Wednesday, September 16, 2009

By Alphabet

In which your humble narrator describes a project designed solely to amuse himself in an inexpensive fashion and further comments on Edward Abbey, Reinaldo Arenas and Fidel Castro.

This summer, casting about for something to read, too poor to buy a book I wanted, too lazy to walk three blocks to the library, I picked up the first book from our alphabetized living room shelves. It happened to be Edward Abbey's "Hayduke Lives." I must have gotten it nearly free when I worked at the used bookstore. Boy was it a stinker. It turns out my complete disinterest in the American West that Abbey loved made it a pretty dull read. I have a low tolerance for the moral superiority that people who live in "beautiful" places show toward the rest of us. The literature of the West is streaked through with the assumption that the grandeur of the landscape somehow how reflects the character of its inhabitants. Horse pucky. Go eat at a Perkins in Wyoming and try to tell me about the noble character of the locals.

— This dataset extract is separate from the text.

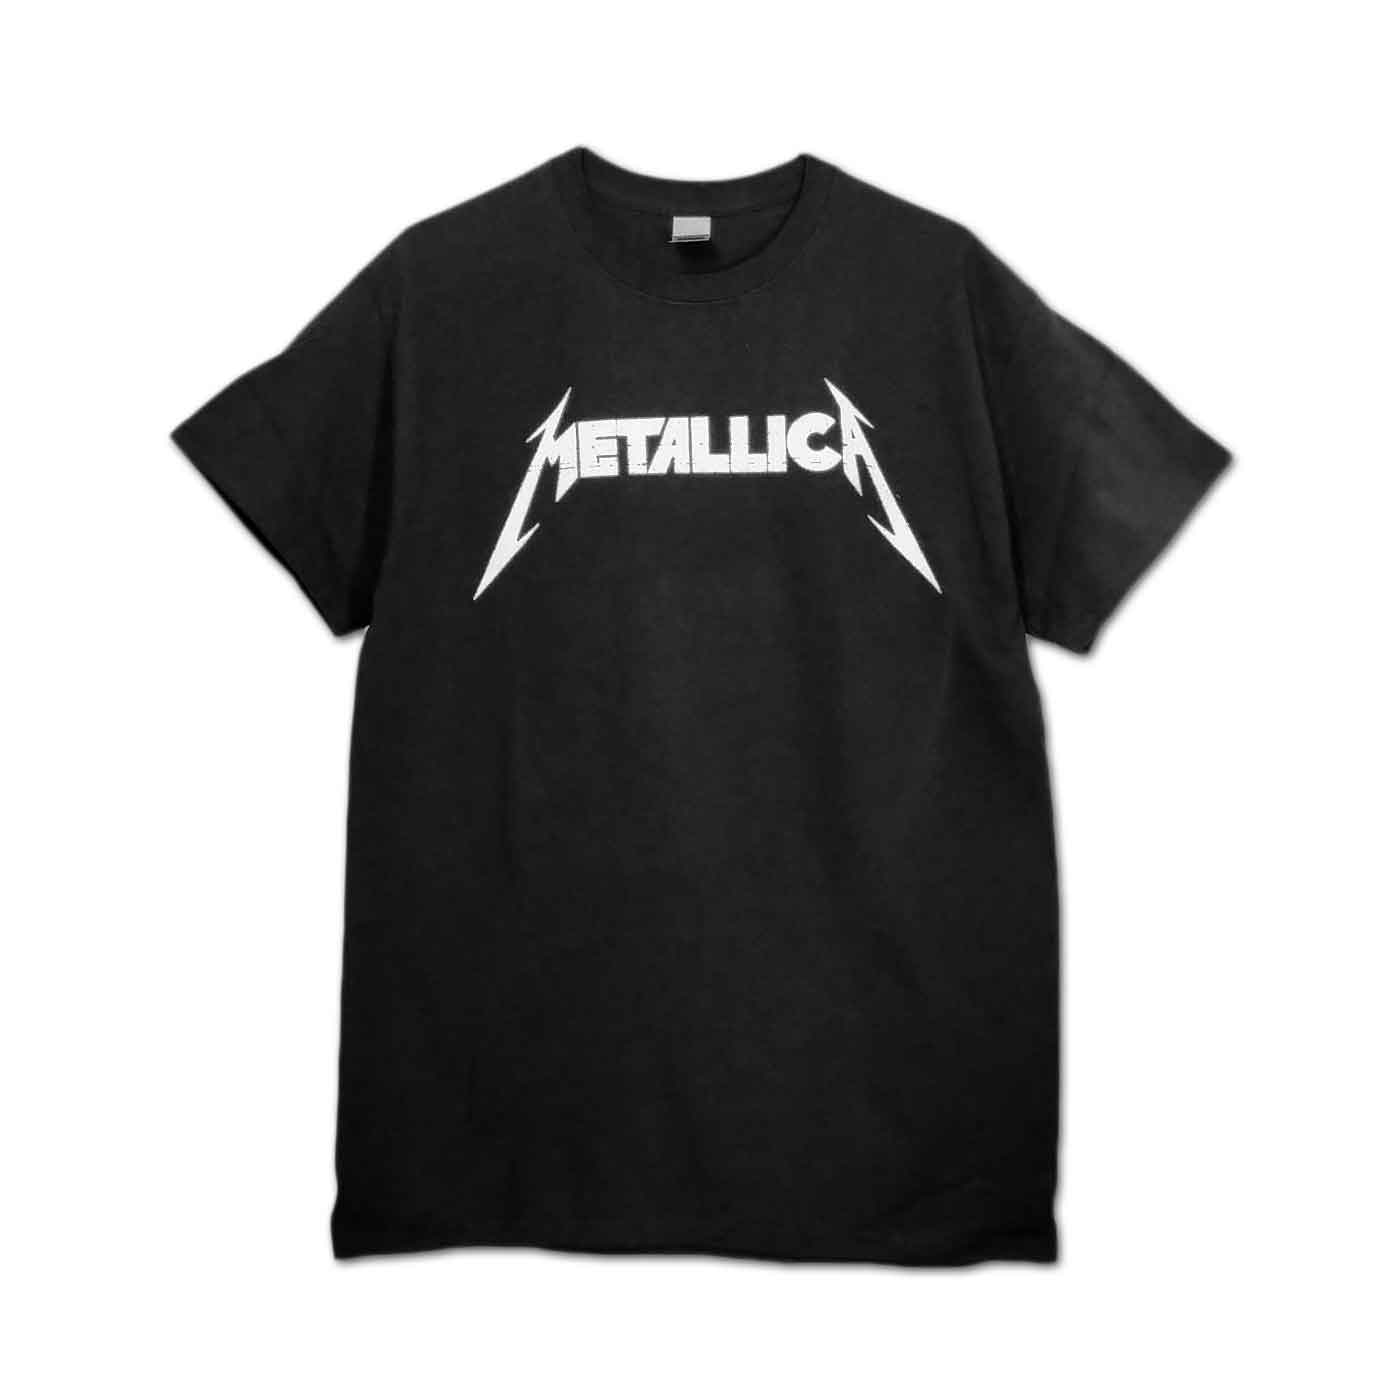 Metallica バンドTシャツ メタリカ Master Of Puppets Photo - バンドT ...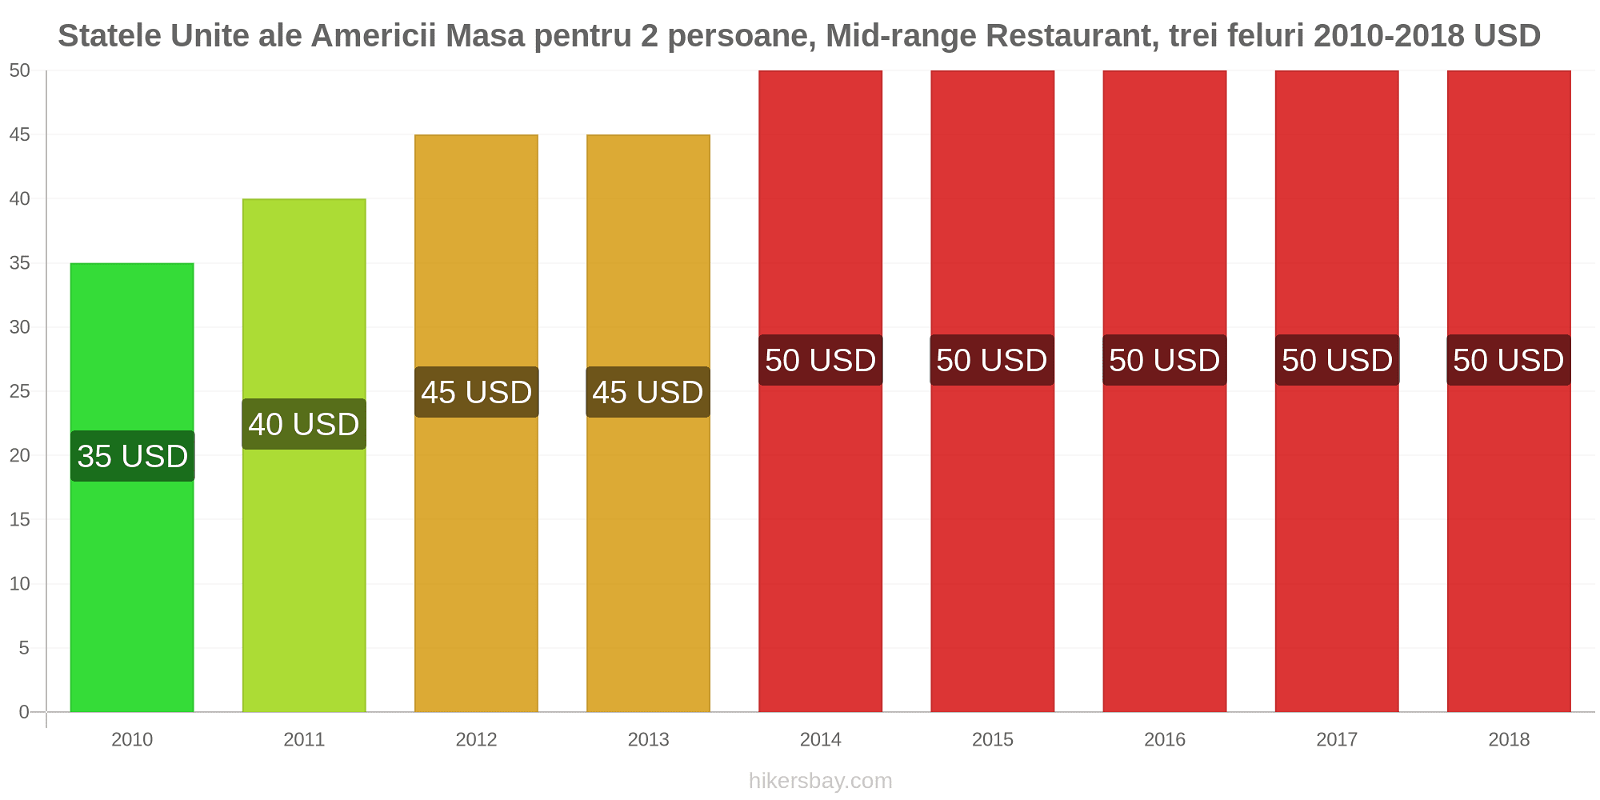 Statele Unite ale Americii schimbări de prețuri Masă pentru 2 persoane, restaurant de gamă medie, trei feluri de mâncare hikersbay.com

Thoroughly annoyed with myself for owning such a dull, pedantic book I started to wonder what other turd blossoms lurked on my shelves. So I kept reading, alphabetically any book that I'd never before read. I didn't stop reading other things (I usually have 4-5 books "going" at any given time). This brings me to last night. The Wife was using the computer preventing me from playing a dumb game on Facebook so I was forced to entertain  myself with reading a book. I grabbed the next alphabetical candidate from the shelf: Reinaldo Arena's "The Assault."

Wowee! If I were to describe this charming little tome in one word, I would choose: "scatological." And I'm pretty sure it was even filthier in the original Spanish. Arenas, who fled the Castro regime for Miami presents a horrible totalitarian/collectivist dystopia with a healthy dose of oedipal complex. Narrated by an agent of the regime, an inhuman, merciless man, the novel follows his travels through the countryside in search of his hated mother whom he suspects of being a "whisperer," or enemy of the state. Long story short: lots of traveling,  torture and executions, and then it finally turns out that his mother is the head of the regime so the narrator kills her with his penis. Fun, huh?

Frankly, it was pretty hysterical. I'm certainly not an apologist for Castro. I have no use for the certain type of comfortable, American liberal who idealizes the regime in Cuba. Castro has never been a benevolent dictator. That said, I'm not sure what use Arenas' over-the-top, exaggerated, dystopic horror film, in book form, really serves.